Identifying the Essentials: Distributed Resilience for Safeguarding Scientific Data in Times of Uncertainty

The long-term sustainability of data repositories in the Earth and environmental sciences is increasingly influenced by evolving institutional priorities, fluctuating funding, and shifting governance frameworks. Recent events have highlighted the vulnerabilities in the continued accessibility of major US-based climate and environmental datasets, particularly in the context of political shifts, underscoring the fragility of even well-established infrastructures. Against this backdrop, we propose a multi-level, network-oriented model for strengthening the resilience of Earth and environmental data infrastructures. This model, in addition to enhancing the self-healing capabilities of individual repositories, aims to establish a common framework for cooperative stewardship.

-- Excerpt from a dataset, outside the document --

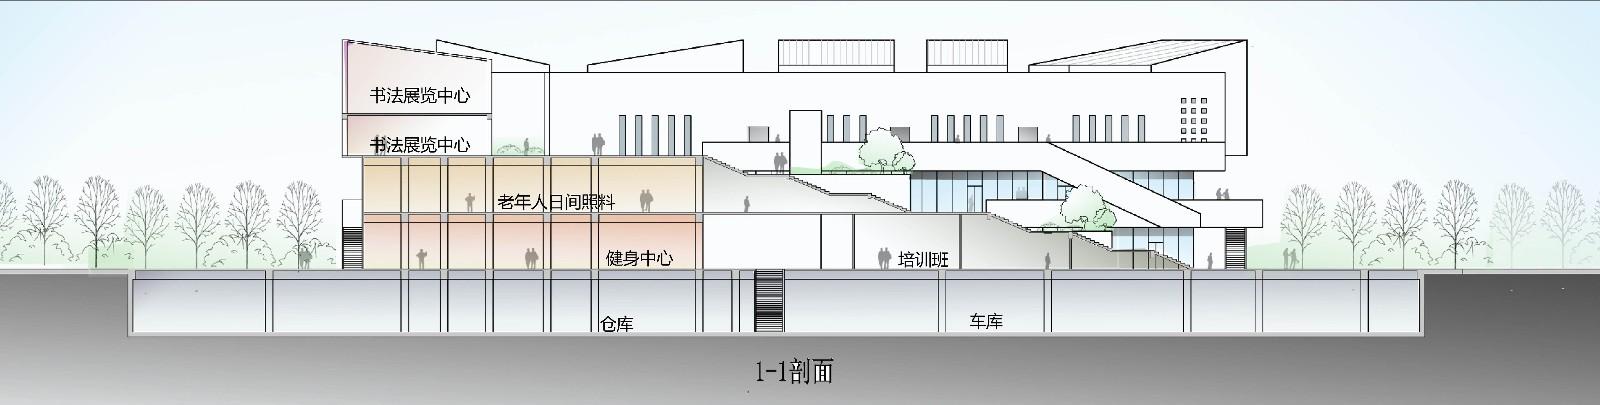 上海南翔东社区邻里中心/赛朴莱茵(XYP)

Until recently, frameworks like Core Trust Seal and the Repository Crisis Scorecards, developed by the ESIP Repositories Resilience Project, have focused on risk assessment and mitigation and some resilience, but less on recovery. Resilience is conceptualised in our approach as the coordinated interaction of several layers that collectively enhance the “rescuability” of essential scientific data. It includes networks of mutual support, in which repositories proactively coordinate to prepare for and respond to operational crises, sharing responsibilities to reduce the risk of isolated failures; harmonized technologies and standards, common protocols, and training, enabling efficient creation of rescue-ready data packages; a structured validation and stress-testing framework to assess vulnerabilities using transparent, scenario-based criteria; and a contingency layer providing shared resources, such as temporary storage or hosting, deliberately reserved to support other repositories, and enabling distributed, peer-to-peer style replication workflows that allow data to remain accessible even when local systems cannot operate fully. A further component of this approach is the prioritisation of critical or at-risk datasets, ensuring that limited rescue capacity is directed toward collections whose loss would most severely affect research continuity and societal monitoring needs.

We illustrate this approach with examples from existing Earth and environmental science repositories, and argue that even small and mid-sized infrastructures can benefit from strategies that preserve core data and metadata, even if complete restoration of complex interfaces or ingestion pipelines might be impractical. Given the heterogeneity, scale, and long-term relevance of environmental data, developing tiered, distributed resilience strategies is essential for maintaining scientific continuity in an era of increasing systemic uncertainty.